Traditionally, clinical diagnosis and treatment are performed based on the tumor tissues obtained from single biopsy or surgical operation, which causes an underestimation of the intratumor heterogeneity (ITH), leading to an unsatisfactory anti-cancer therapy. A study reported that 63%–69% of all somatic mutations are not detected across different tumor regions[37]. Additionally, only 5 of 32 somatic non-synonymous coding mutations in the metastasis sites of lobular breast cancer were detected in the primary tumor of the same patient, indicating inconsistency between the primary and metastatic lesions[38]. Compared to tissue-derived DNA, circulating tumor DNA (ctDNA) has comprehensive genetic features and avoids the intrinsic bias of a solid biopsy, because ctDNA contains DNA from all possible sources, such as orthotropic, circulating, and metastatic tumor cells[39].

However, the analysis of ctDNA is challenging because of its characteristics, including a high degree of fragmentation, a low concentration in circulation, and high concentrations of background wild-type DNA[40]. Previous studies have verified that NGS can detect rare variants with high fidelity, throughput, and speed, which allowed us to understand the characteristics of several cancer genomes and to identify genetic alterations that are common in a variety of human tumor types. Based on this result, targeted capture-based DNA sequencing can focus on a customized region of the genome, which is clinically pragmatic and allows for deeper sequencing coverage[41]. As previously mentioned, the disadvantages of ctDNA are its sequencing techniques, and ctDNA can be a surrogate for the entire tumor genome.

The NGS-based ctDNA scheme has been a topic of interest for researchers. Recently, a phase 1 clinical trial on the feasibility of NGS-based ctDNA genetic testing, known as liquid biopsy, was conducted with a large cohort of metastatic cancers. Results showed that the specificity of NGS-based liquid biopsy was above 95%, and the sensitivity was 55% in patients with at least one mutation[42]. In another case, whole-exome sequencing of breast cancer tissue with a PTEN p.H259fs*7 frameshift mutation was performed. In addition, the same variant with a low allele frequency that was initially identified in the tumor tissue was also detected via targeted NGS-based liquid biopsy analysis, which suggested that a higher depth of sequencing coverage is required for the detection of genomic alterations in a liquid biopsy[43]. Furthermore, the application of liquid biopsy in the detection of epidermal growth factor receptor (EGFR) driver mutations in the blood samples of lung cancer patients has been proven to be an effective method for the detection of multiple genetic mutations in patients without tissue biopsy[44]. In the present study, we used a capture-based NGS targeted sequencing method to screen all of the exons of 163 genes that are highly mutative and involved in cancer development and progression, and multiplex genetic mutations along the PI3K/AKT/mTOR signaling pathway were observed, which are associated with cancer growth and metastasis. Everolimus was prescribed based on this information, and significant curative effects were observed. Data showed that NGS-based ctDNA genetic testing can be effective in profiling cancer genomic variants and monitoring their changes.

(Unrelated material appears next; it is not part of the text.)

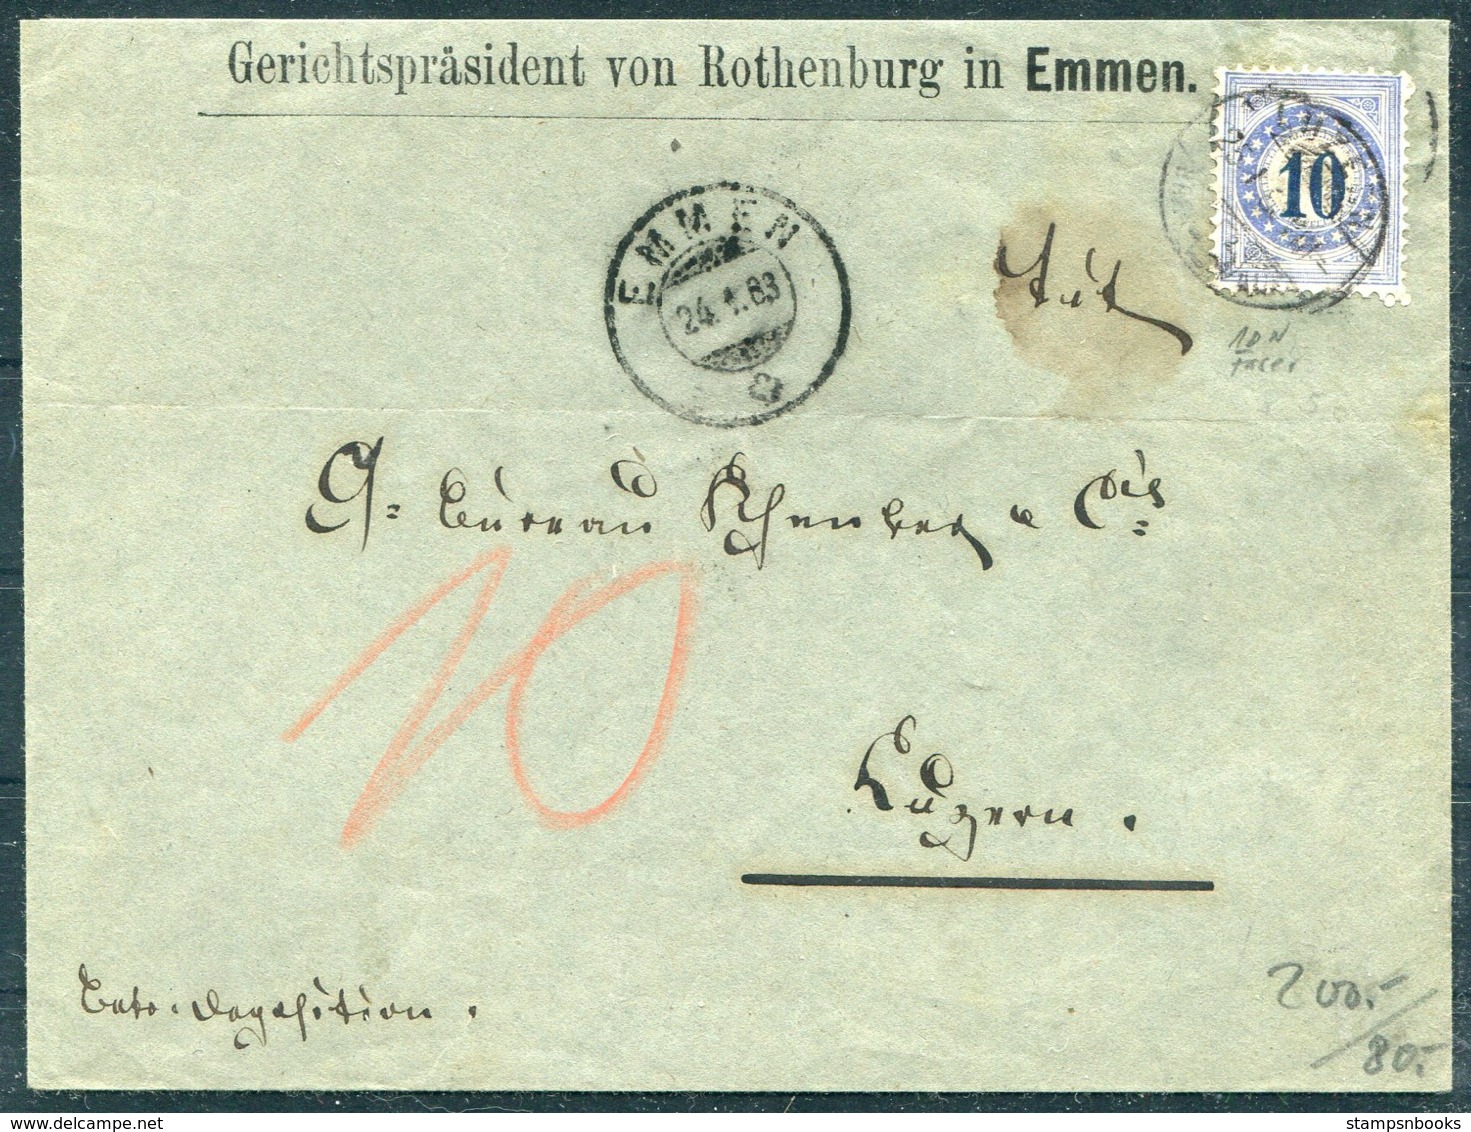 1883 Switzerland Gerichtsprasident Von Rothenburg In Emmen 10c Fraserpapier (N10) Portomarken Cover - Luzern. - Covers & Documents
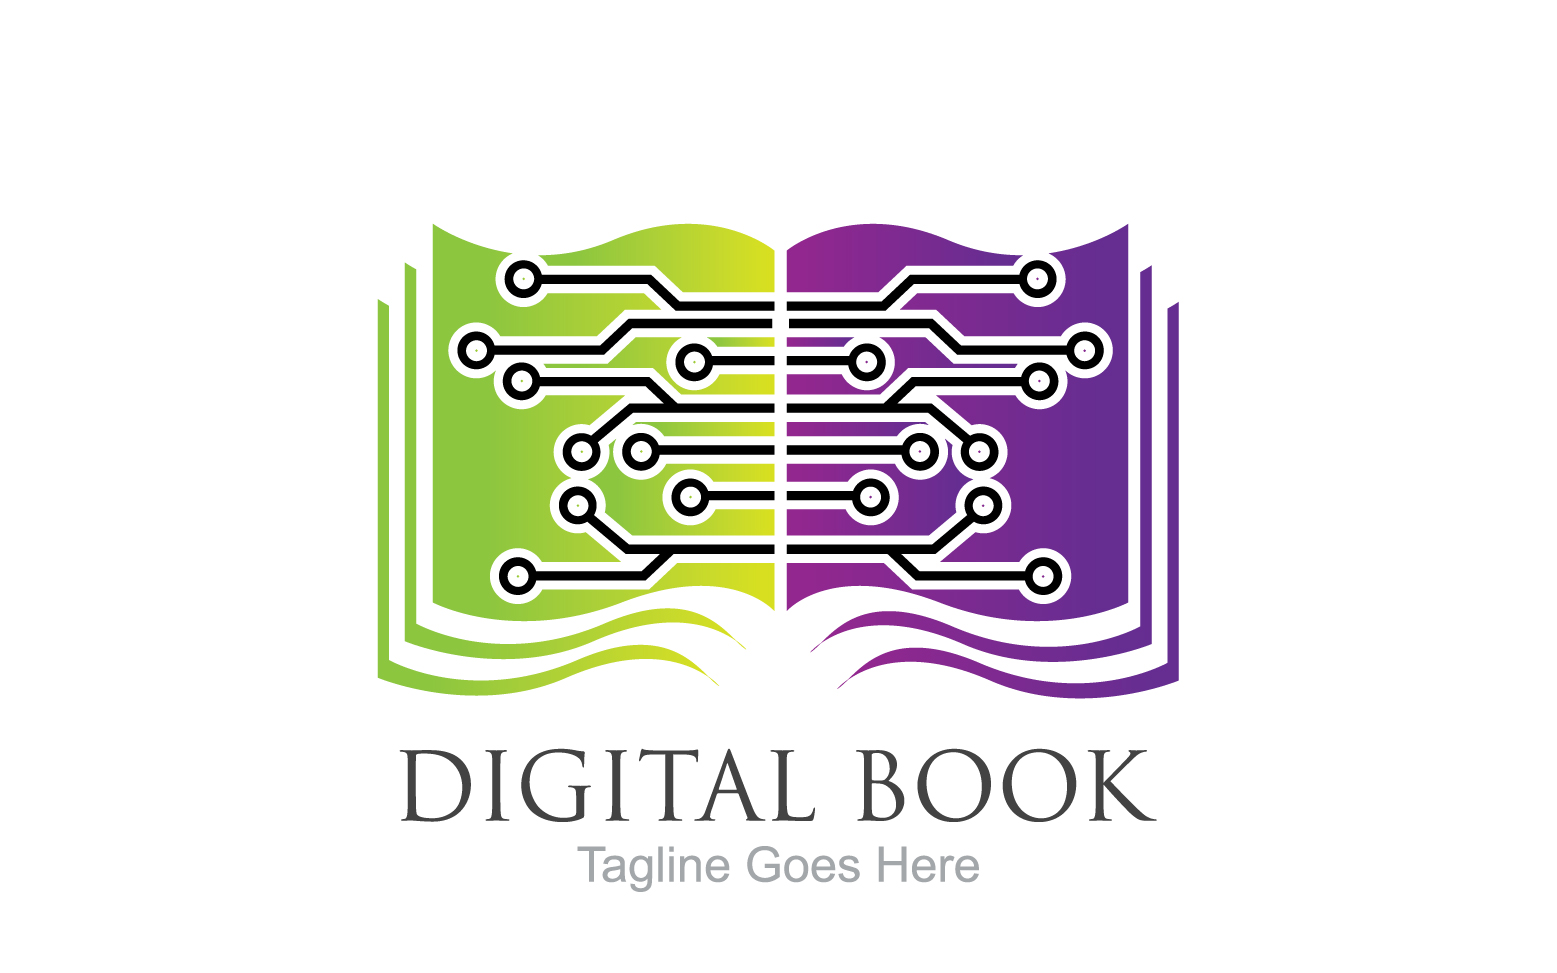 Book reading education logo vector v16

In conclusion, we proposed that multiple-gene testing, particularly that focused on the PI3K/AKT/mTOR pathway, should be performed in order to confirm the choice of everolimus-related adjuvant therapy. Besides, NGS-based liquid biopsy is feasible for the screening of optimal target drugs for ER (+) and HER2 (-) breast cancer or TNBC, especially for refractory advanced breast cancer patients to conquer chemotherapy resistance.

Conflict of interest statement

No potential conflicts of interest are disclosed.